El robado gruñó encolerizado, bufó, se echó por el suelo y cuando se sintió cansado se echó con la lengua afuera en espera de lo que ocurriría con él.
Poco a poco fue calmándose; sólo de vez en cuando gruñía lastimero.
Schwejk le puso delante el resto del hígado que Blahnik le había dado. Pero el perro no hizo caso, sólo le dirigió una arrogante mirada y elevó la vista hacia ellos como si quisiera decir: «Ya me habéis engañado una vez. Ahora acabároslo vosotros solos».
Y se quedó muy resignado haciendo ver que dormía. De repente le pasó algo por la cabeza, se levantó y empezó a hacer posturas y a pedir con las patas delanteras. Se había rendido.
Esta conmovedora escena a Schwejk no le produjo la mínima impresión.
—¡Échate! —le gritó al pobre bicho, que volvió a tenderse aullando de manera lastimera.
—¿Qué nombre he de ponerle en el árbol genealógico? —preguntó Blahnik—. Se llamaba Fox o algo parecido.
—Bueno, por mí llamémosle Max.
Mira cómo aguza el oído Blahnik. ¡Levántate, Max!
El desgraciado grifón al que le habían robado patria y nombre se levantó y esperó nuevas órdenes.

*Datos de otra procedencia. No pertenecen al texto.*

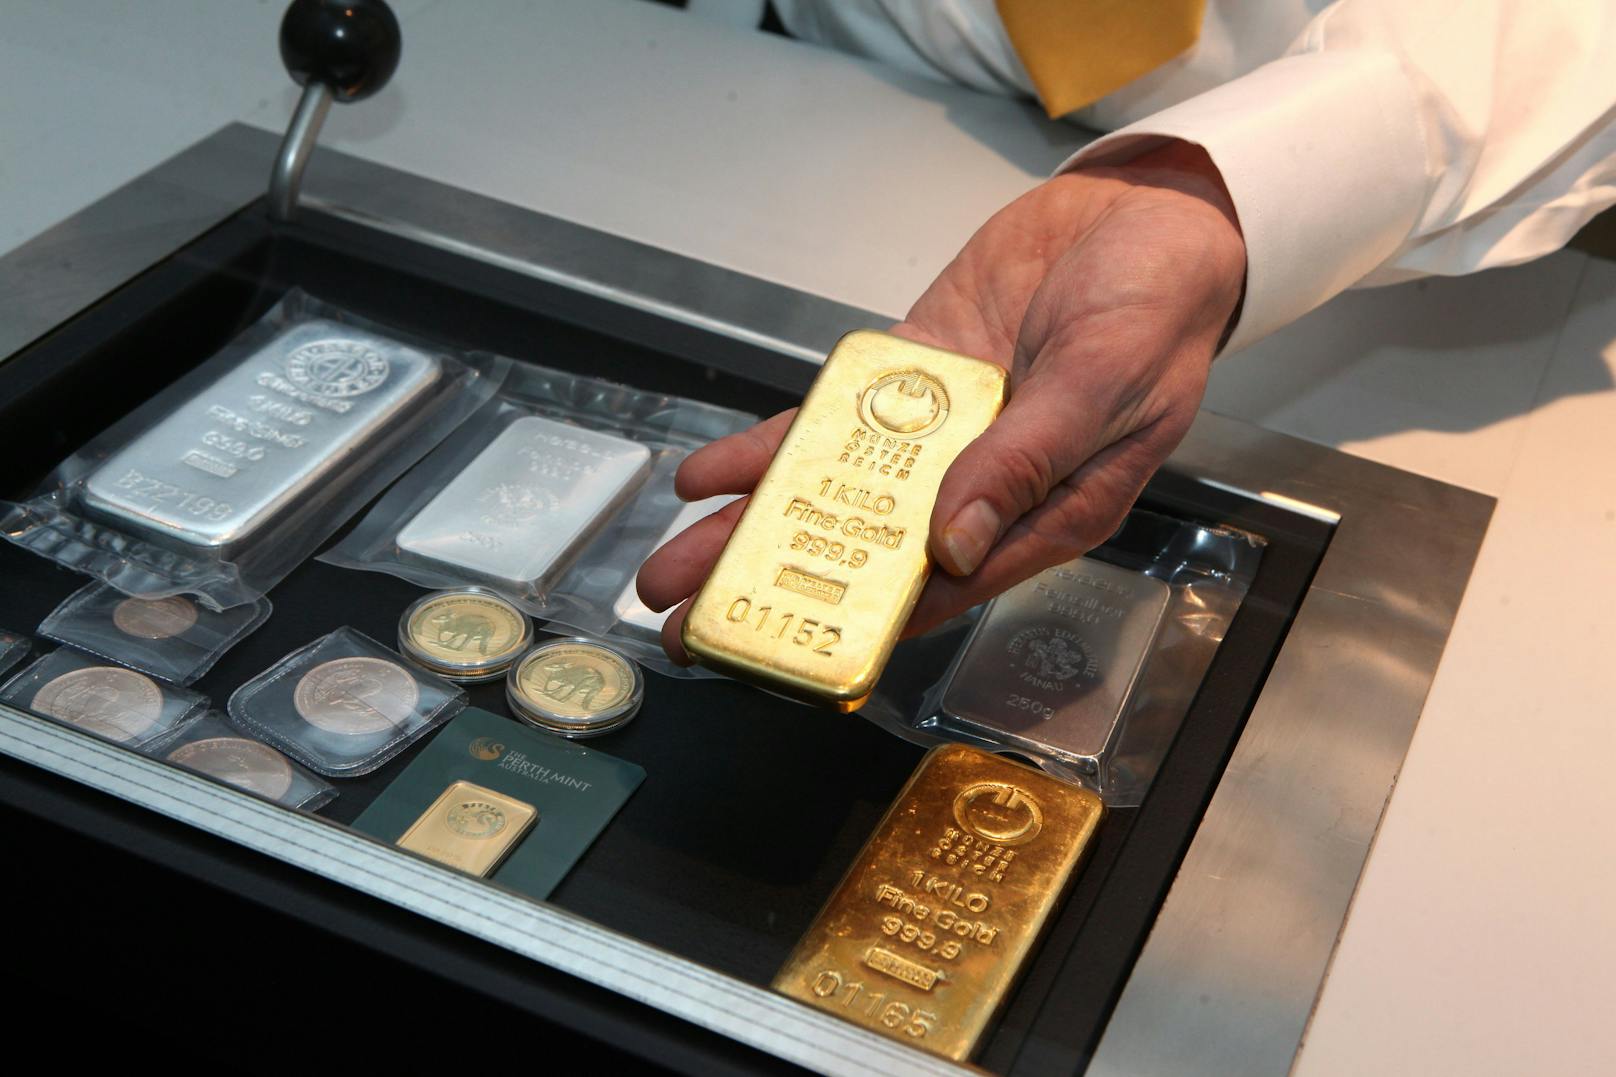 Gold sei in Österreich als Anlage beliebter als Aktien und Immobilien, steht in einer Studie der HSG.
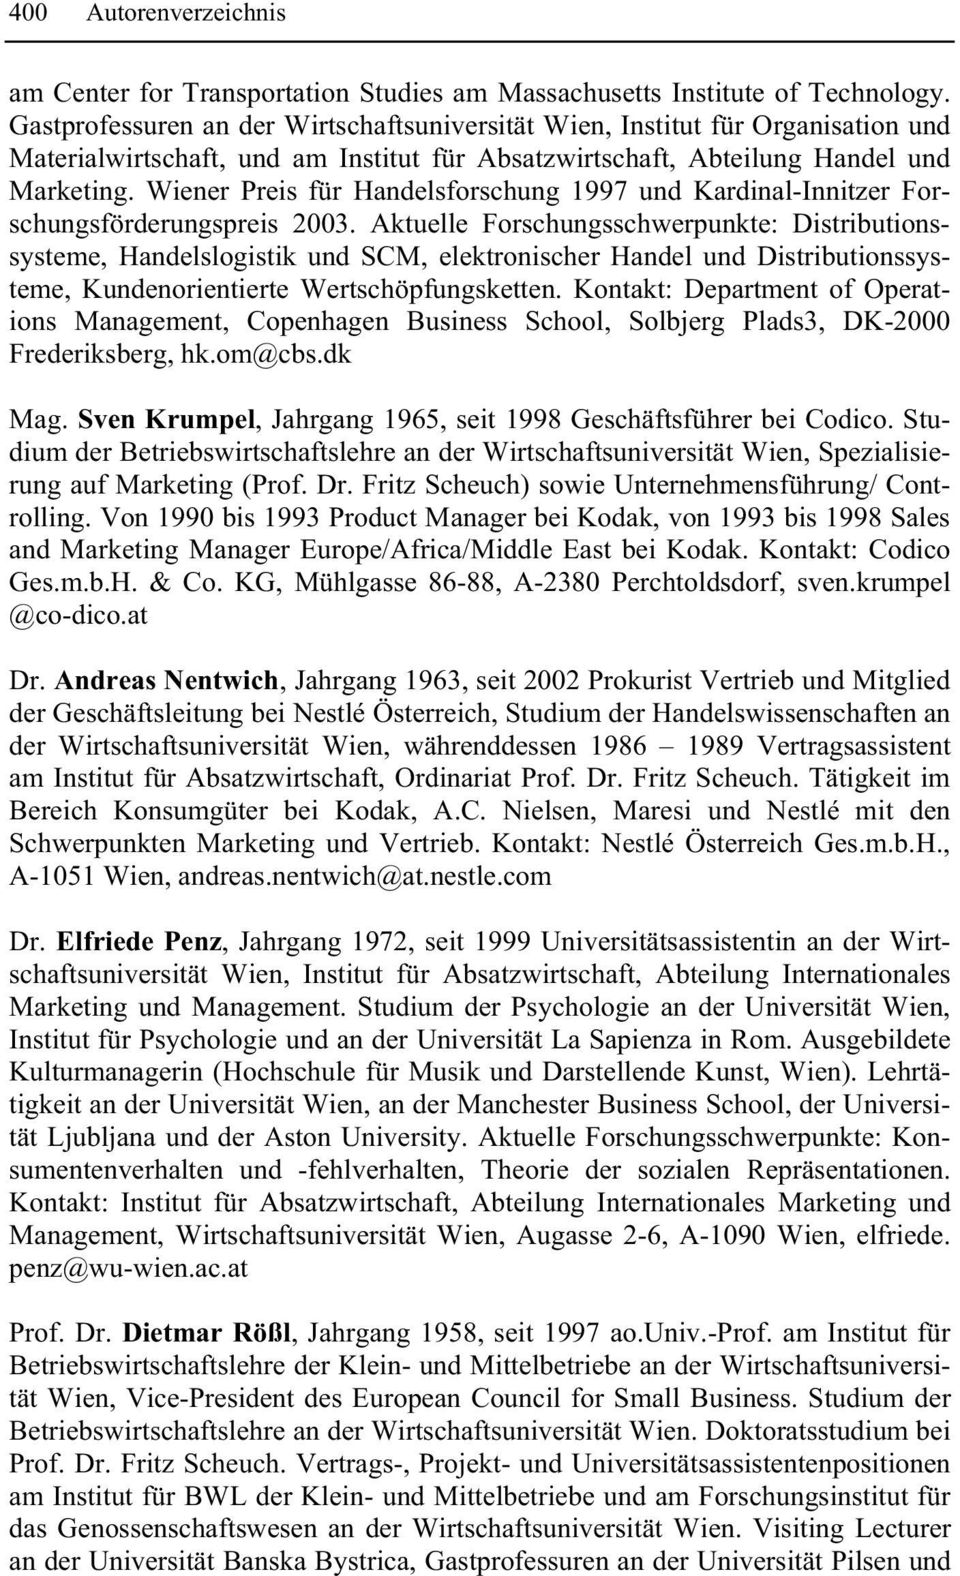 Wiener Preis für Handelsforschung 1997 und Kardinal-Innitzer Forschungsförderungspreis 2003.

—Creo que debiéramos soltarlo —decidió Schwejk—. Veremos qué hace.
Al desatarle él se dirigió directamente a la puerta, ladró tres veces delante del tirador contando al parecer con la generosidad de esos malvados hombres. Pero al ver que no comprendían su deseo de salir hizo un pequeño charco junto a la puerta convencido de que lo echarían, como habían hecho cuando era pequeño y el coronel lo educaba con severidad, al estilo de los soldados, para que fuera limpio en las habitaciones.
Pero Schwejk sólo dijo:
—¡Qué listo es! Es un perro jesuita.
Le dio un golpe con la correa y le metió el hocico en la charca por lo que él se lamió a toda prisa.
El perro aulló por esta afrenta y empezó a correr por la cocina de un lado a otro, olfateando desesperado su propia huella. Luego, sin motivo alguno, se fue a la mesa, se comió el trozo de hígado que le habían puesto en el suelo, se echó junto a la estufa y se durmió.
—¿Qué te debo? —preguntó Schwejk al despedir a Blahnik.
—No hables de eso, Schwejk —dijo Blahnik—. Yo por un viejo camarada hago lo que sea, sobre todo si está en el ejército. Adiós, chico, y no lo lleves nunca por Hamlitschekplatz para que no le pase ninguna desgracia. Cuando necesites otro perro ya sabes dónde estoy.
Schwejk dejó dormir a Max un buen rato y mientras tanto fue a la carnicería a comprar un cuarto de kilo de hígado. Después de guisarlo le puso un trocito caliente a Max delante del hocico para que se despertara.
Max, dormido como estaba, empezó a relamerse, se repantingó, olfateó el hígado y se lo tragó. Después se fue a la puerta y repitió su intento frente al tirador.
—¡Max! —gritó Schwejk—. ¡Ven!
El perro obedeció desconfiado. Schwejk se lo puso sobre las rodillas y lo acarició y por primera vez Max meneó amablemente el resto de su cola cortada, intentó coger la mano de Schwejk, se la llevó a la boca y le dirigió una inteligente mirada como si quisiera decir: «No hay nada que hacer; ya sé que he perdido».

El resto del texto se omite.